--- START ---

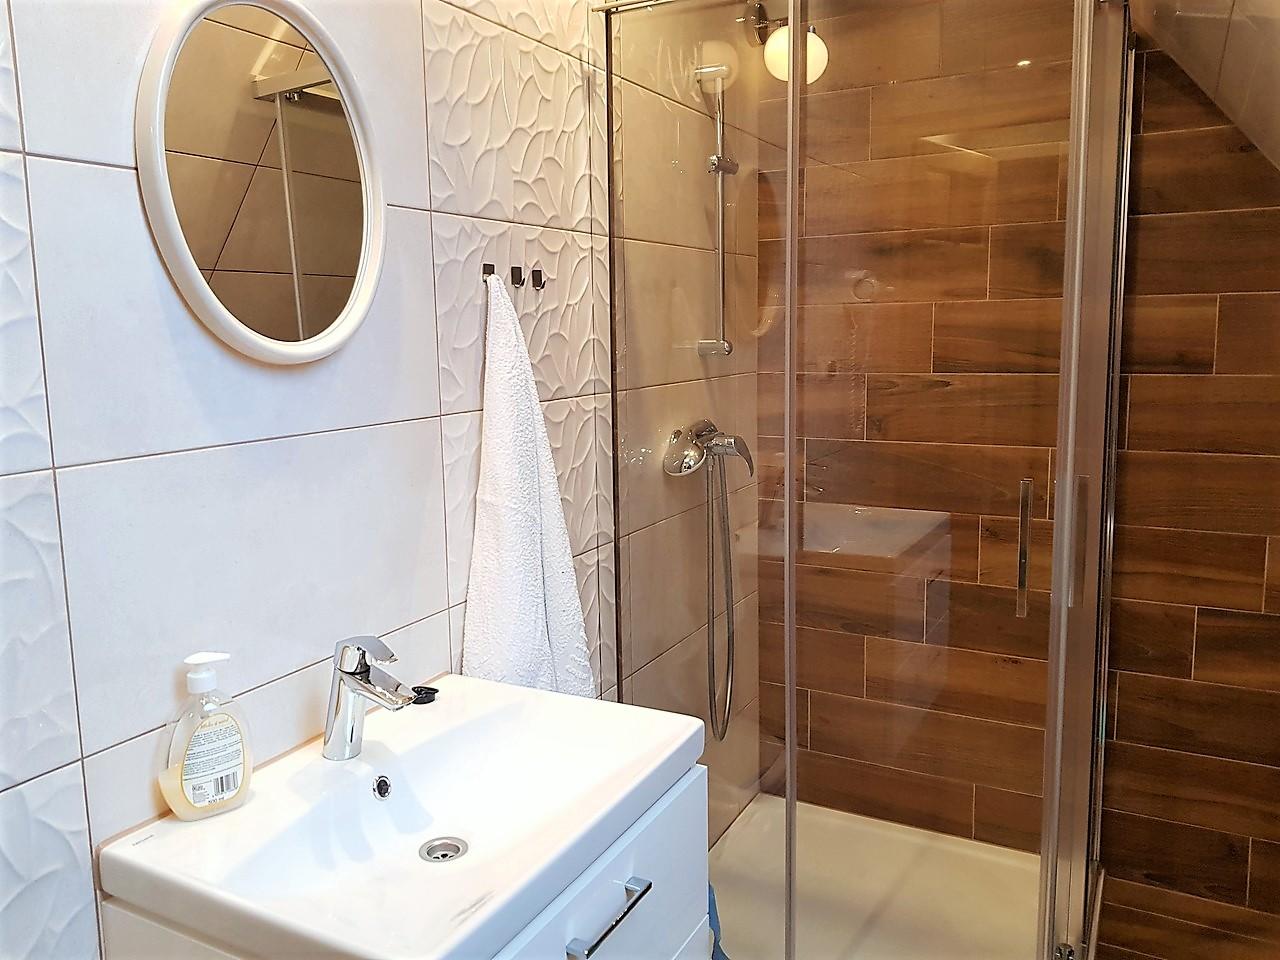 pokoje zakopane 5 łazienka (2)
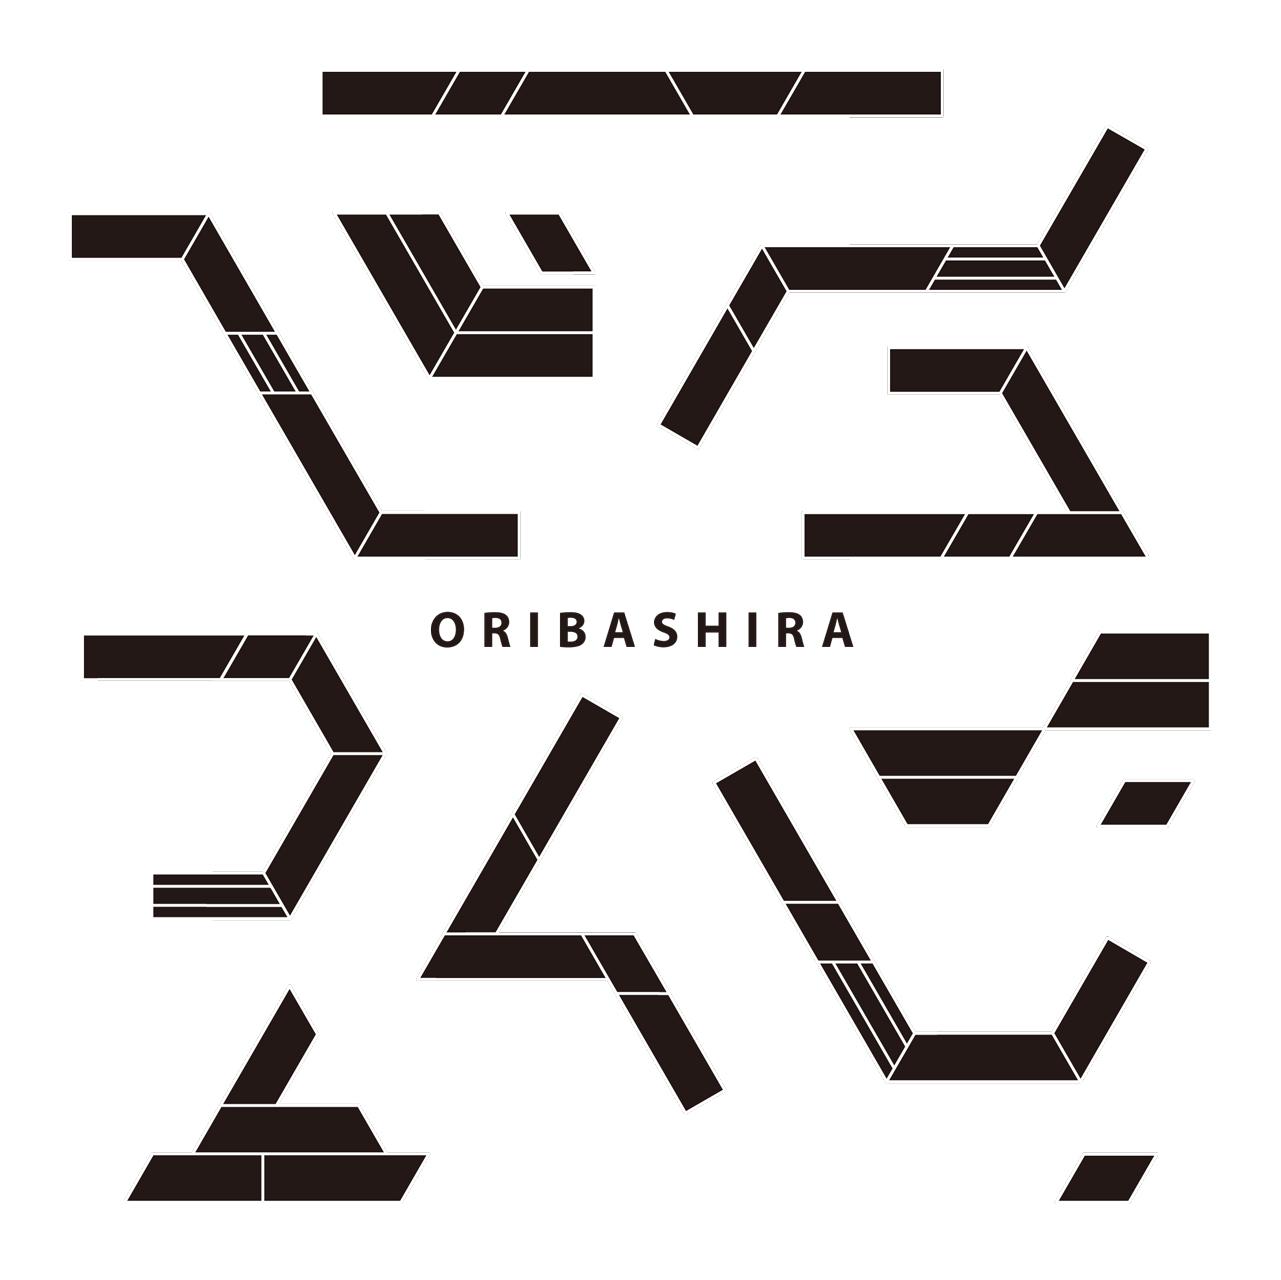 ORIBASHIRA_S1.jpg
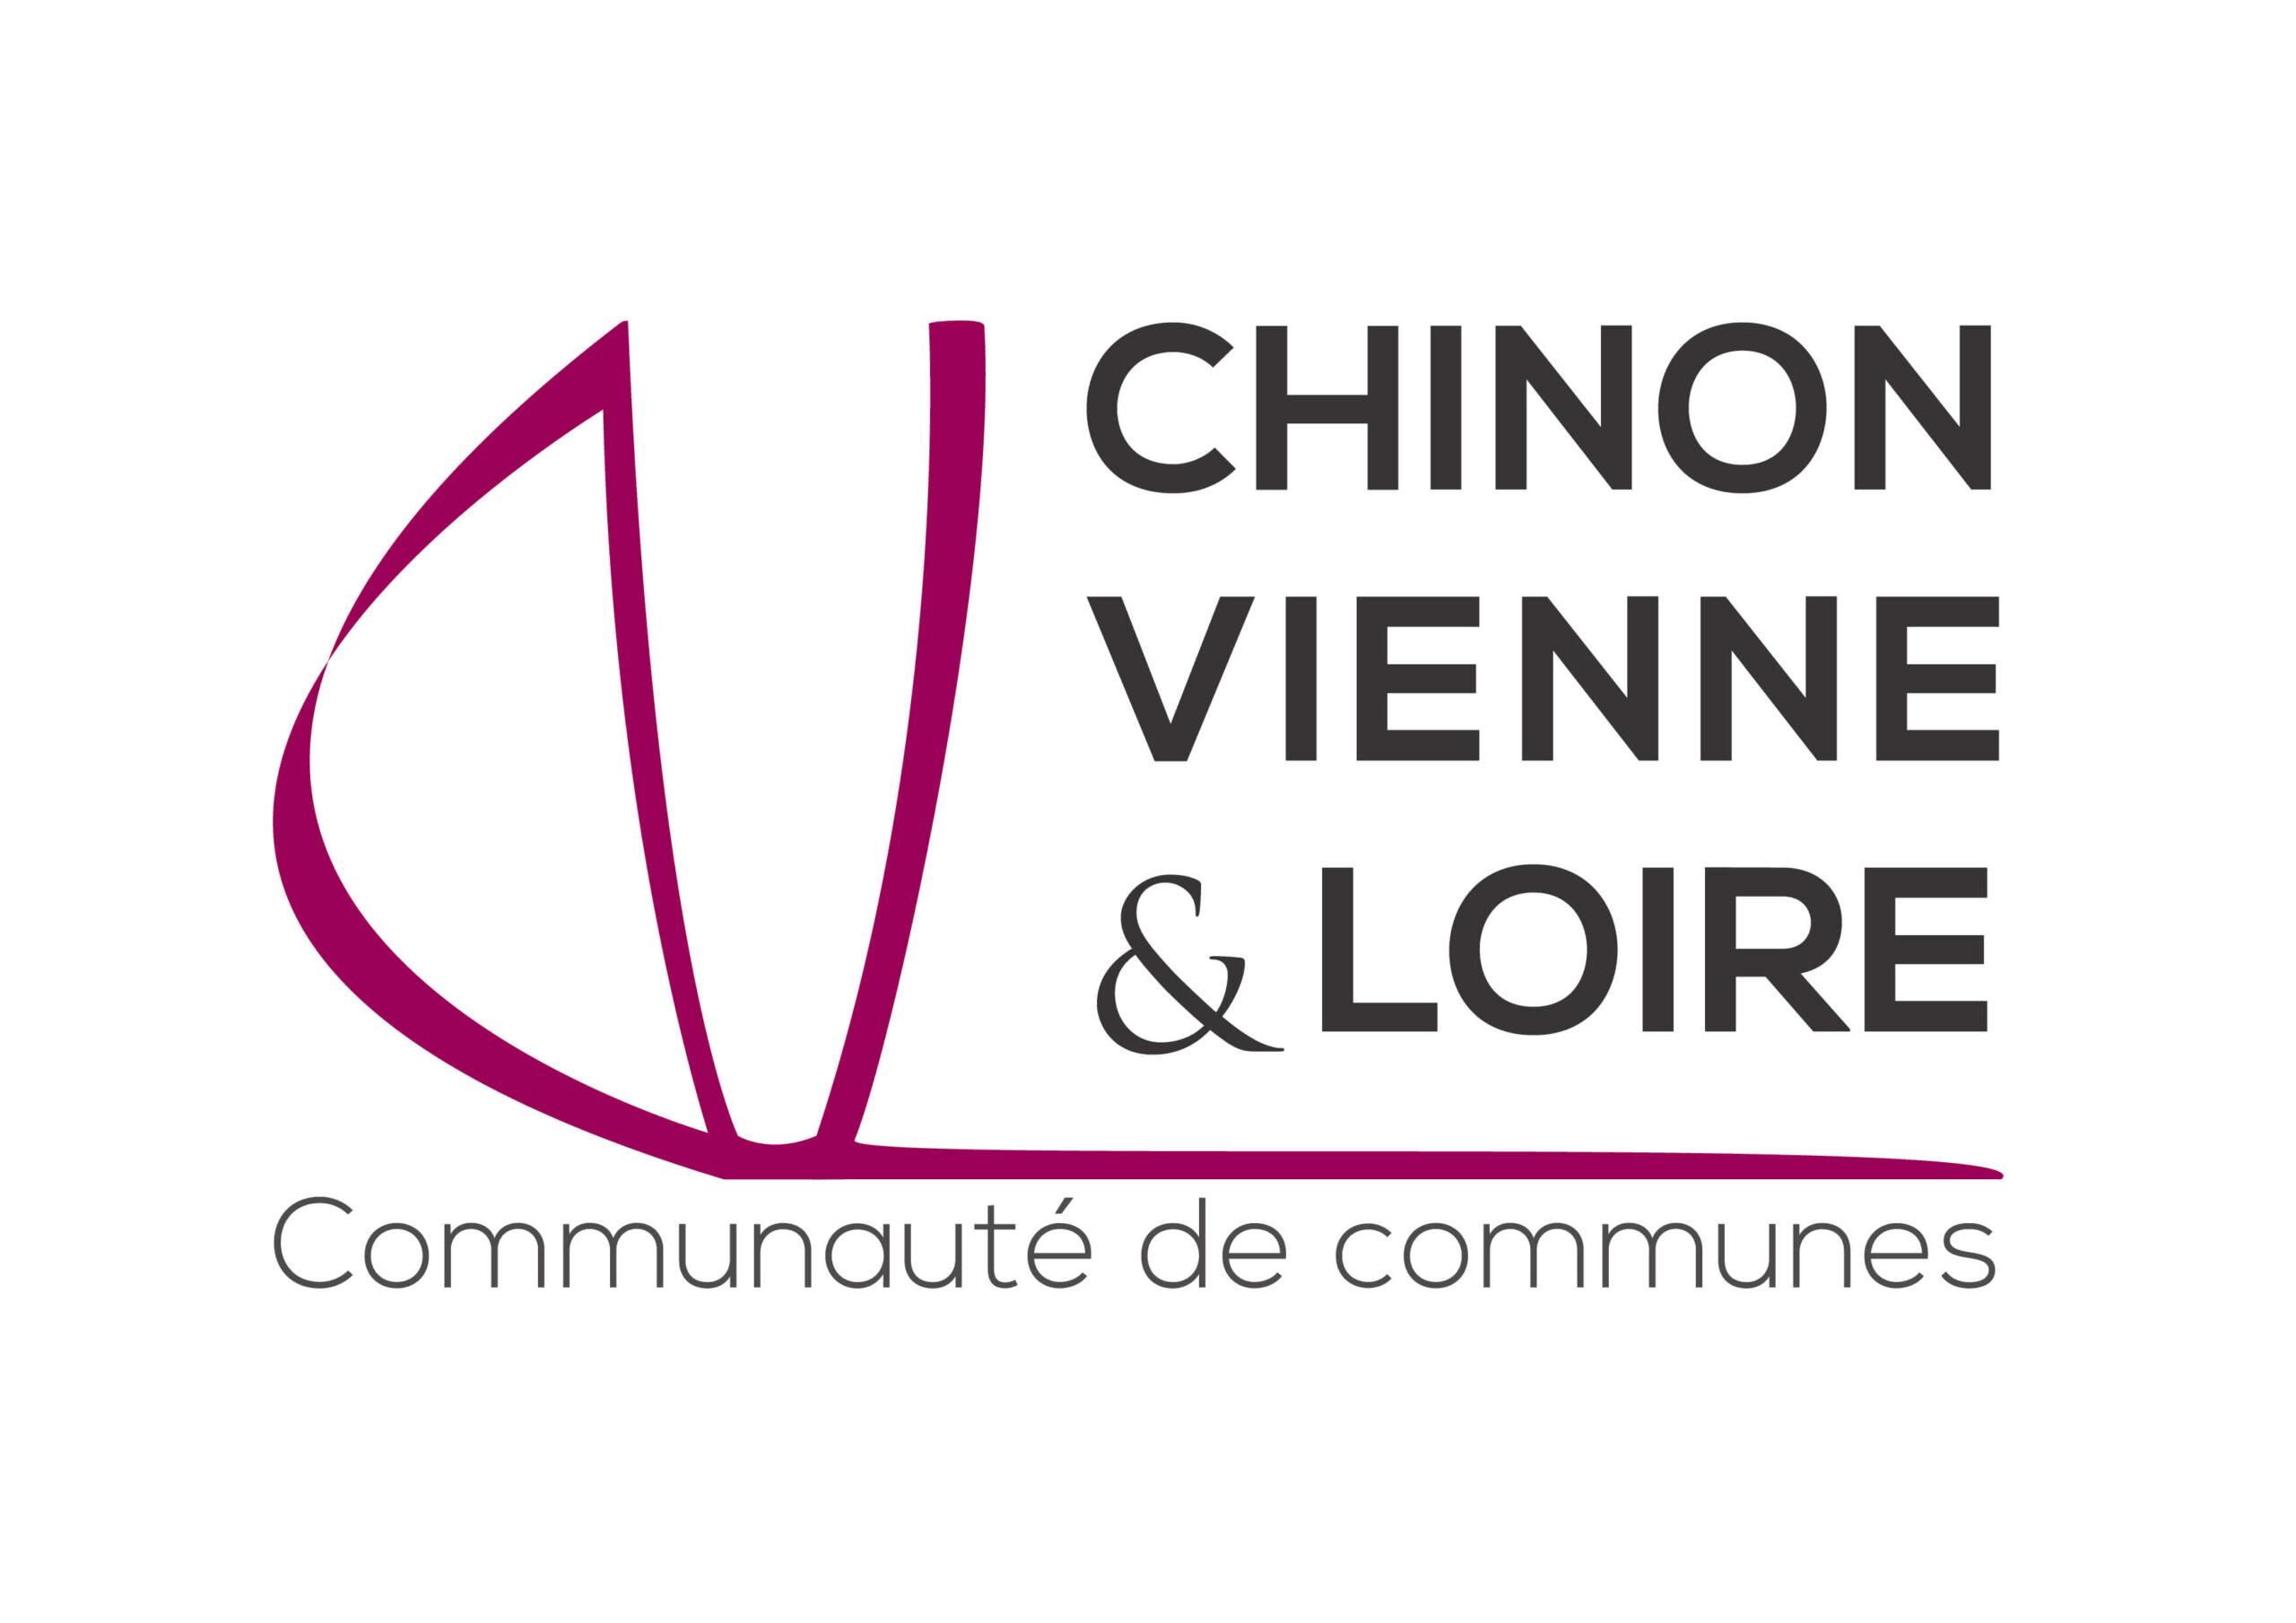 Logo Communauté de communes de Chinon Vienne
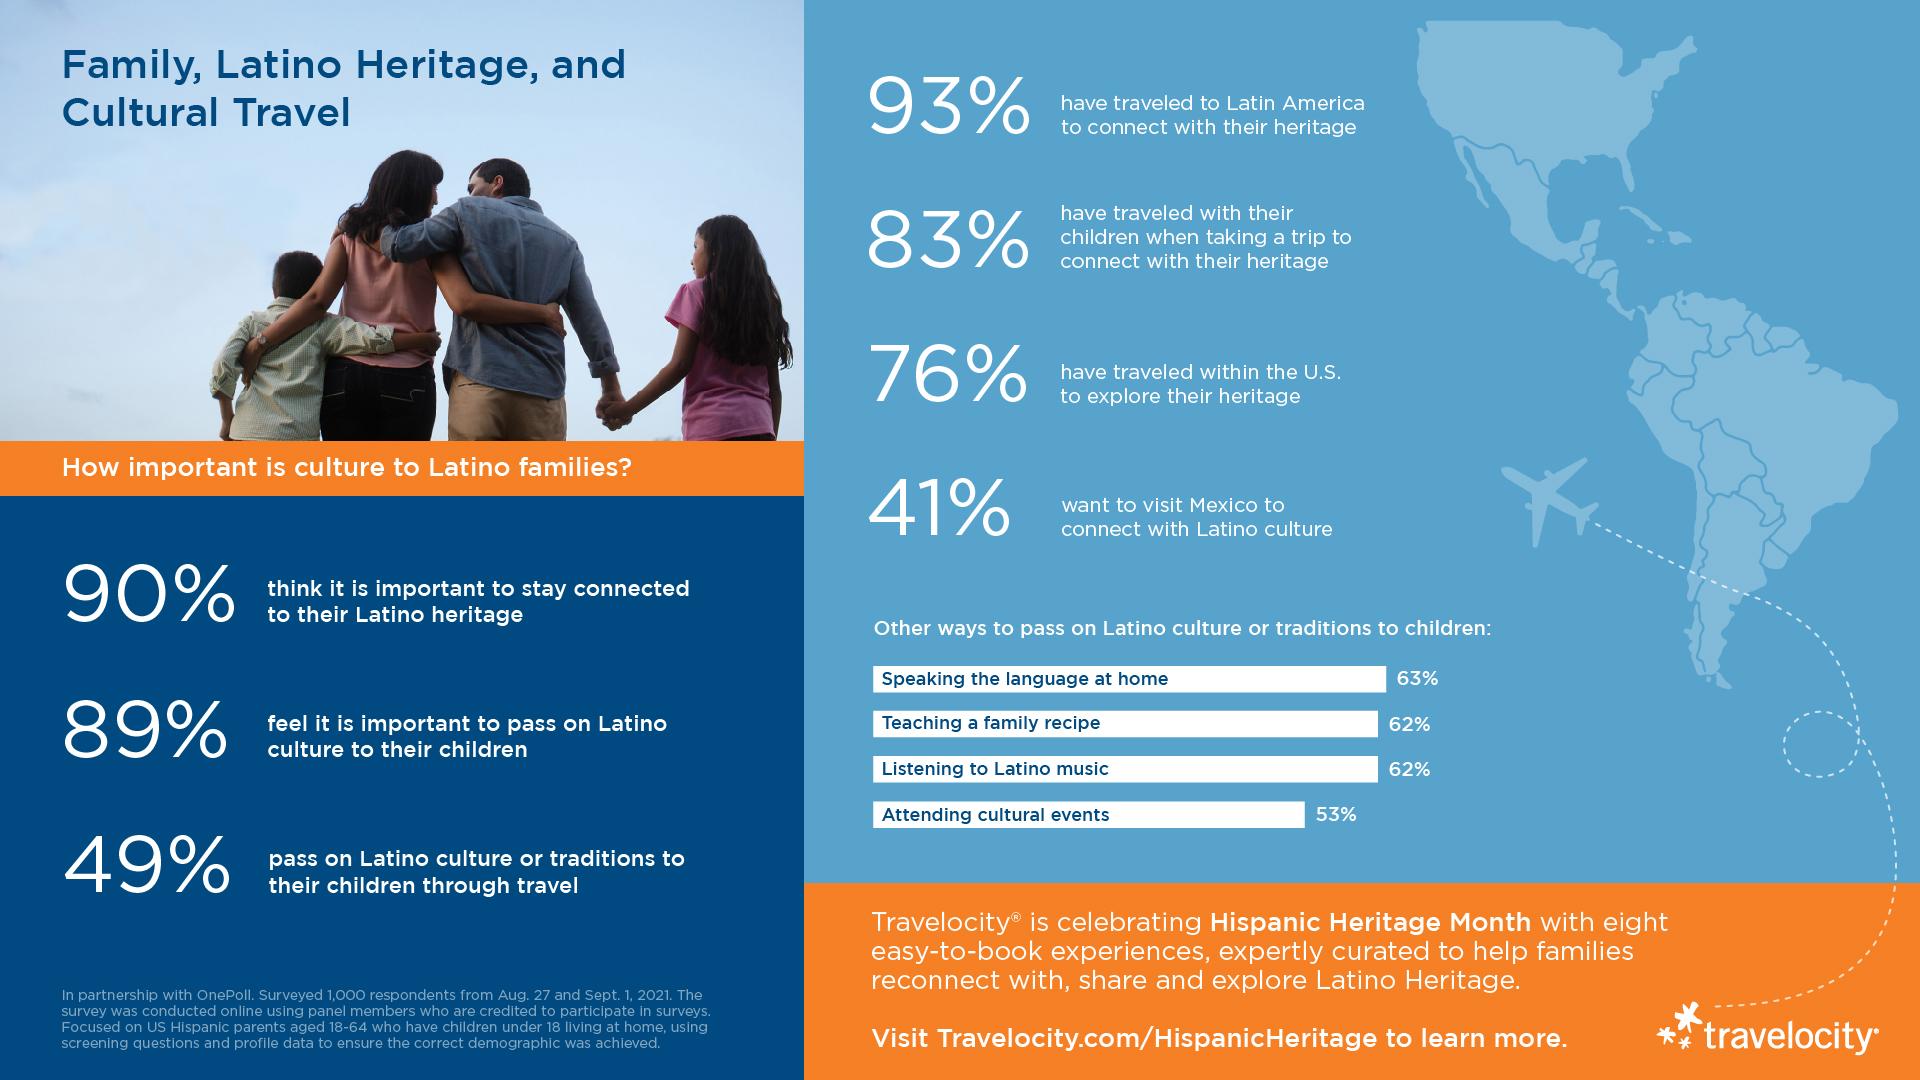 Travelocity Hispanic Heritage Month Infographic - EN

--- END ---

ABOUT THIS TASK: Reproduce the data exactly as it appears above. Pictures are to be left out.

ANSWER SECTION:
 pokoje zakopane 5 łazienka (2)
 ORIBASHIRA_S1.jpg
 Logo Communauté de communes de Chinon Vienne
 Travelocity Hispanic Heritage Month Infographic - EN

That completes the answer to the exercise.